If you want to try out the newest features that are not in an official release yet, you can install the unstable version from the main branch with the following command:
```sh
pip install git+https://github.com/deepset-ai/haystack.git@main#egg=haystack-ai
```
To be able to make changes to Haystack code, first of all clone this repo:
```sh
git clone https://github.com/deepset-ai/haystack.git
```
Then move into the cloned folder and install the project with `pip`, including the development dependencies:
```console
cd haystack && pip install -e '.[dev]'
```
If you want to contribute to the Haystack repo, check our [Contributor Guidelines](https://github.com/deepset-ai/haystack/blob/main/CONTRIBUTING.md) first.
## 🔰Demos
You can find some of our hosted demos with instructions to run them locally too on our [haystack-demos](https://github.com/deepset-ai/haystack-demos) repository:
:dizzy: **[Reduce Hallucinations with Retrieval Augmentation](https://huggingface.co/spaces/deepset/retrieval-augmentation-svb) - Generative QA with LLMs**
🐥 **[Should I follow?](https://huggingface.co/spaces/deepset/should-i-follow) - Summarizing tweets with LLMs**
🌎 **[Explore The World](https://haystack-demo.deepset.ai/) - Extractive Question Answering**
### 🖖 Community
If you have a feature request or a bug report, feel free to open an [issue in Github](https://github.com/deepset-ai/haystack/issues).
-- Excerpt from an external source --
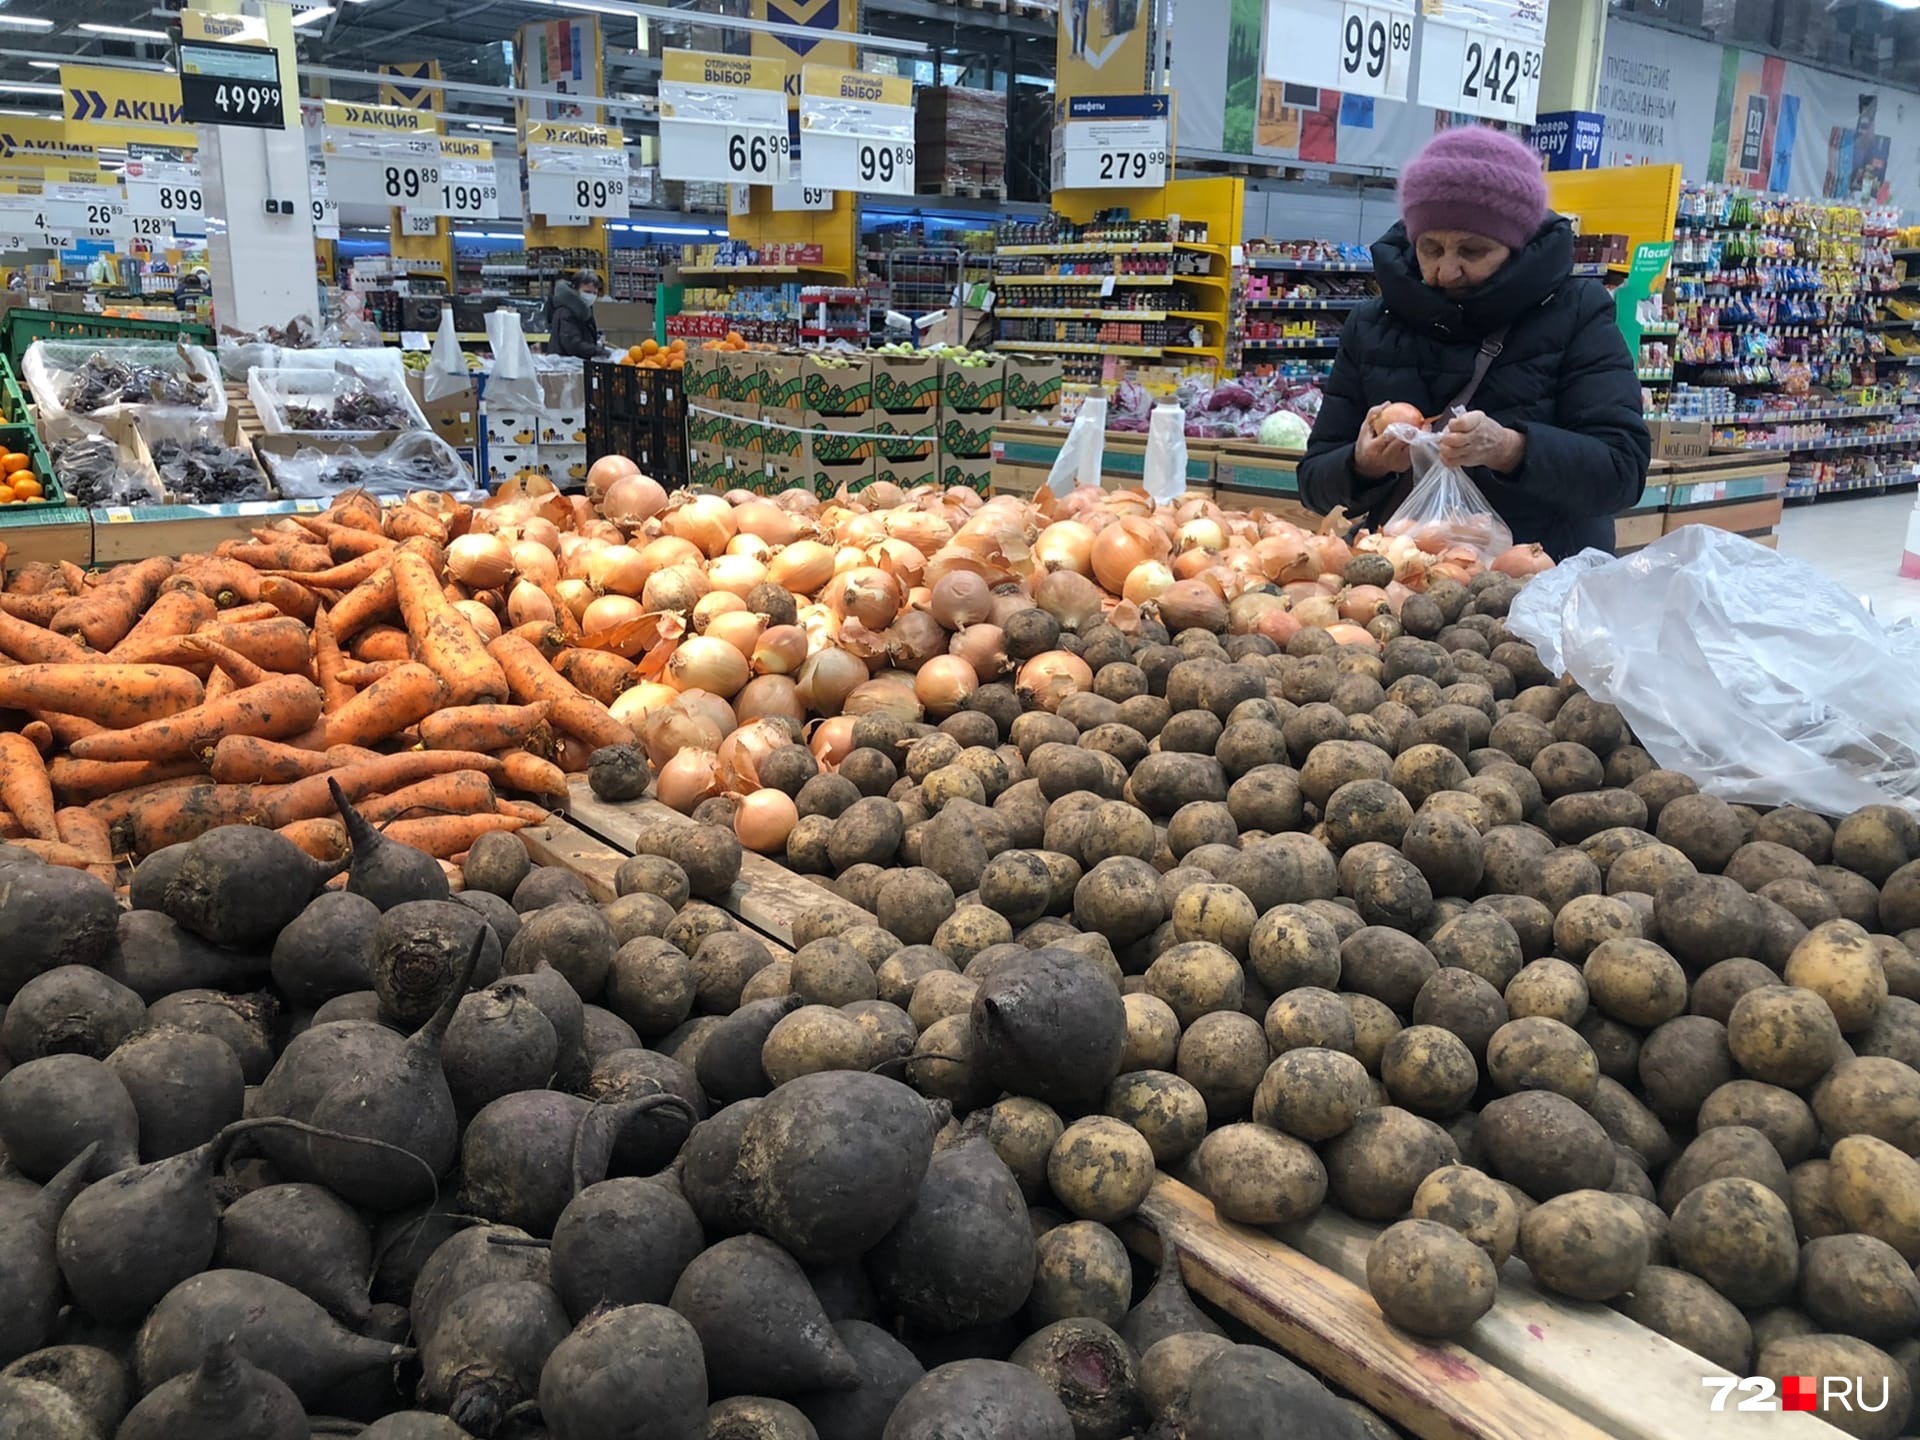 Покупать белокочанную капусту, репчатый лук и морковь в этом супермаркете дешевле, чем в аналогичных торговых точках

We regularly check these and you can expect a quick response. If you'd like to discuss a topic, or get more general advice on how to make Haystack work for your project, you can start a thread in [Github Discussions](https://github.com/deepset-ai/haystack/discussions) or our [Discord channel](https://discord.gg/haystack). We also check [𝕏 (Twitter)](https://twitter.com/haystack_ai) and [Stack Overflow](https://stackoverflow.com/questions/tagged/haystack).
## 📏 Telemetry
## Telemetry
Haystack collects **anonymous** usage statistics of pipeline components. We receive an event every time these components are initialized. This way, we know which components are most relevant to our community.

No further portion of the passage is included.